(Task inputs)
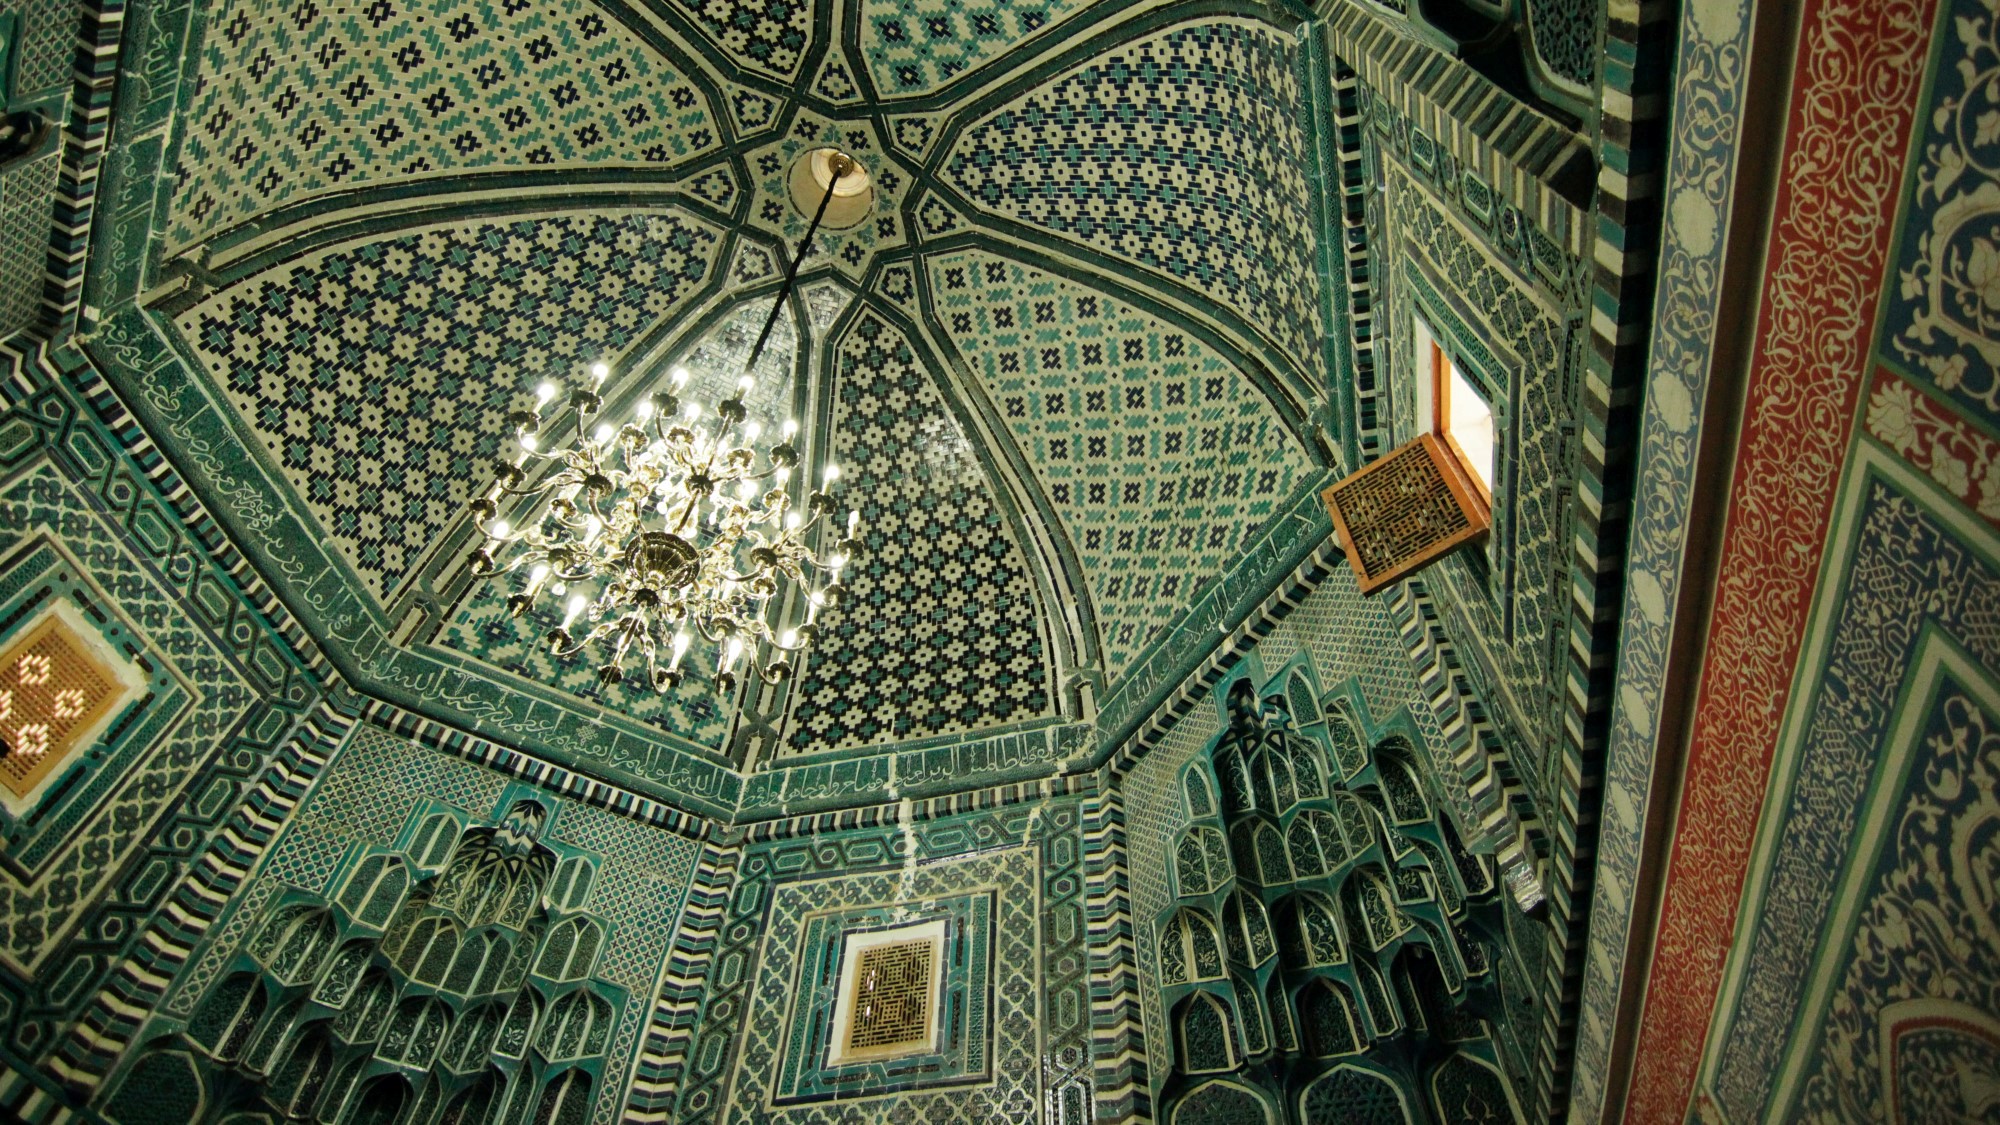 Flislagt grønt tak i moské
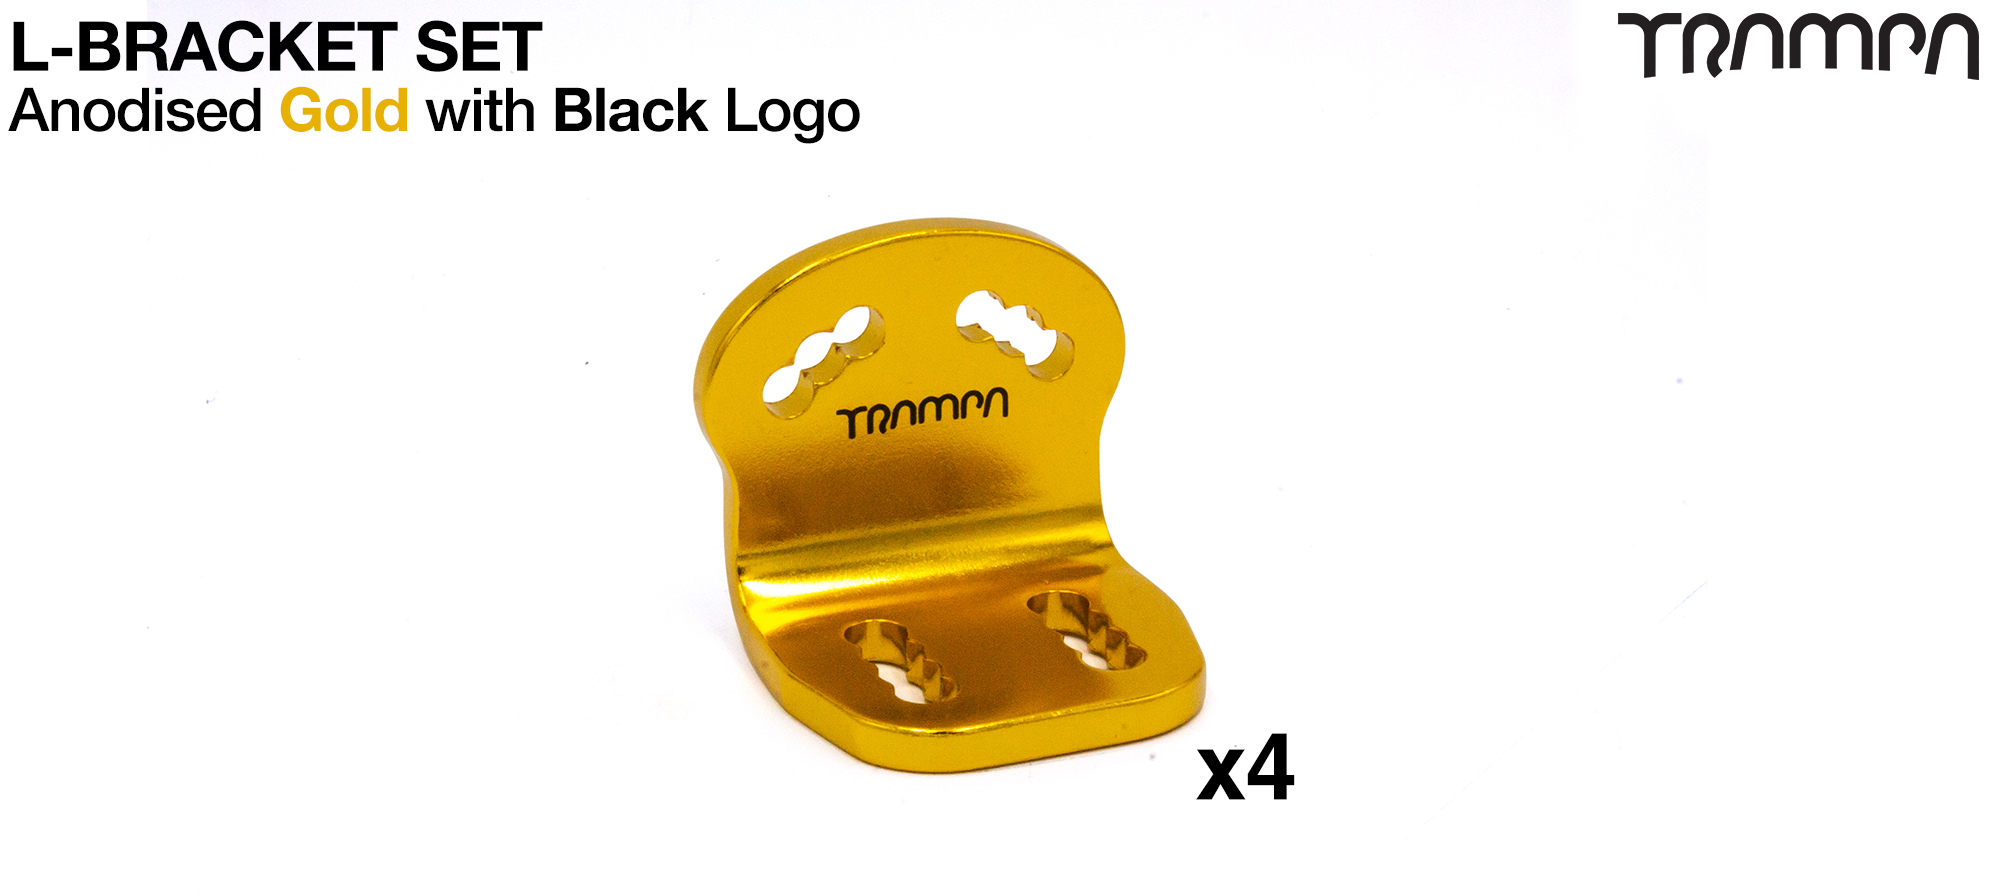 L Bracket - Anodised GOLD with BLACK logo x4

* * *

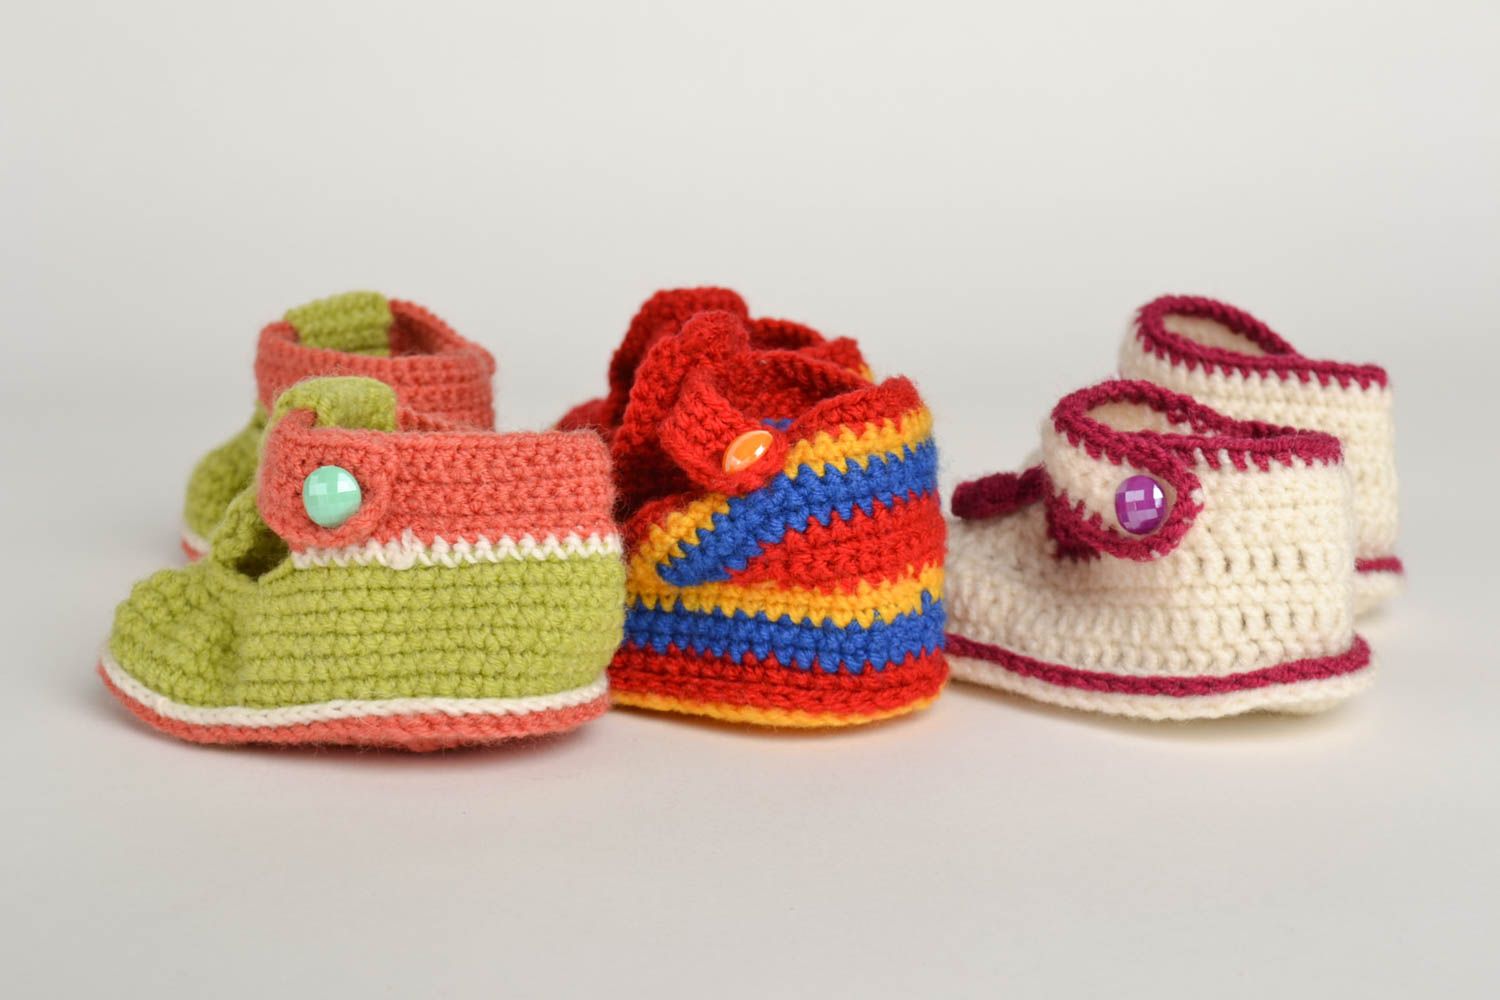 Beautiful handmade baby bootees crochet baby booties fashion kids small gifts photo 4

--

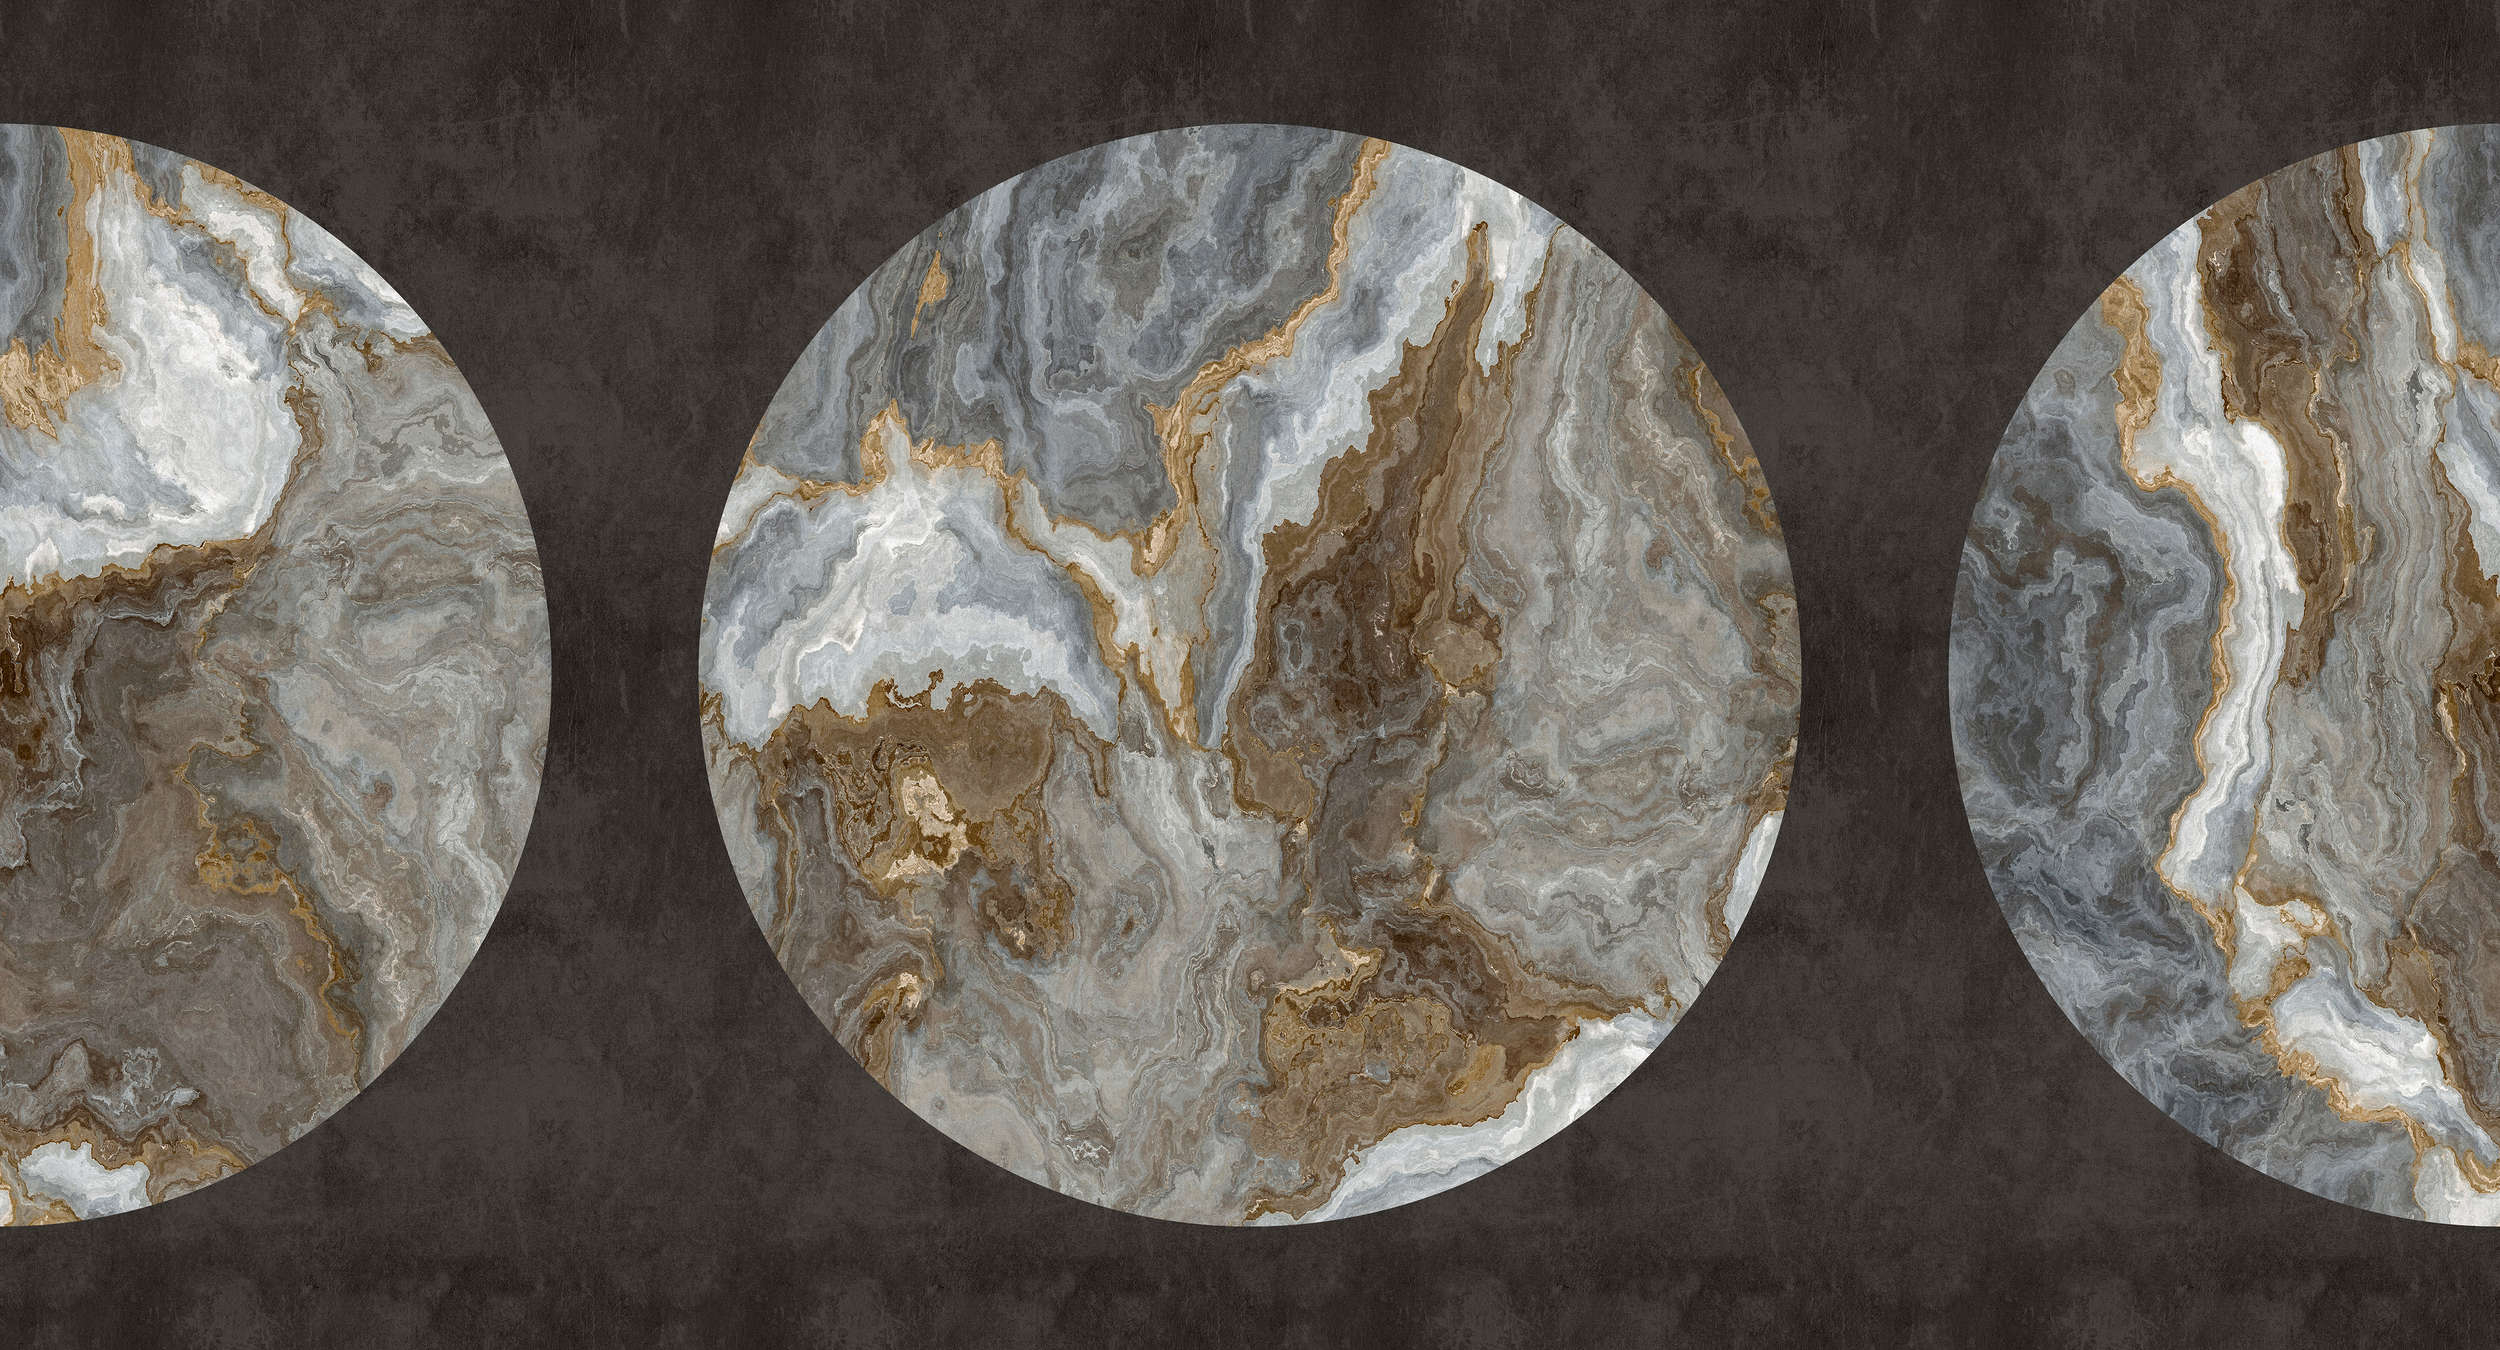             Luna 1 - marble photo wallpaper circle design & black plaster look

(Your instructions) Using the entries above, extract exactly the lines from the one that contains "Flislagt grønt tak i moské" through the one that contains "L Bracket - Anodised GOLD with BLACK logo x4". Do not carry over any pictures.

(Task result)
 Flislagt grønt tak i moské
 L Bracket - Anodised GOLD with BLACK logo x4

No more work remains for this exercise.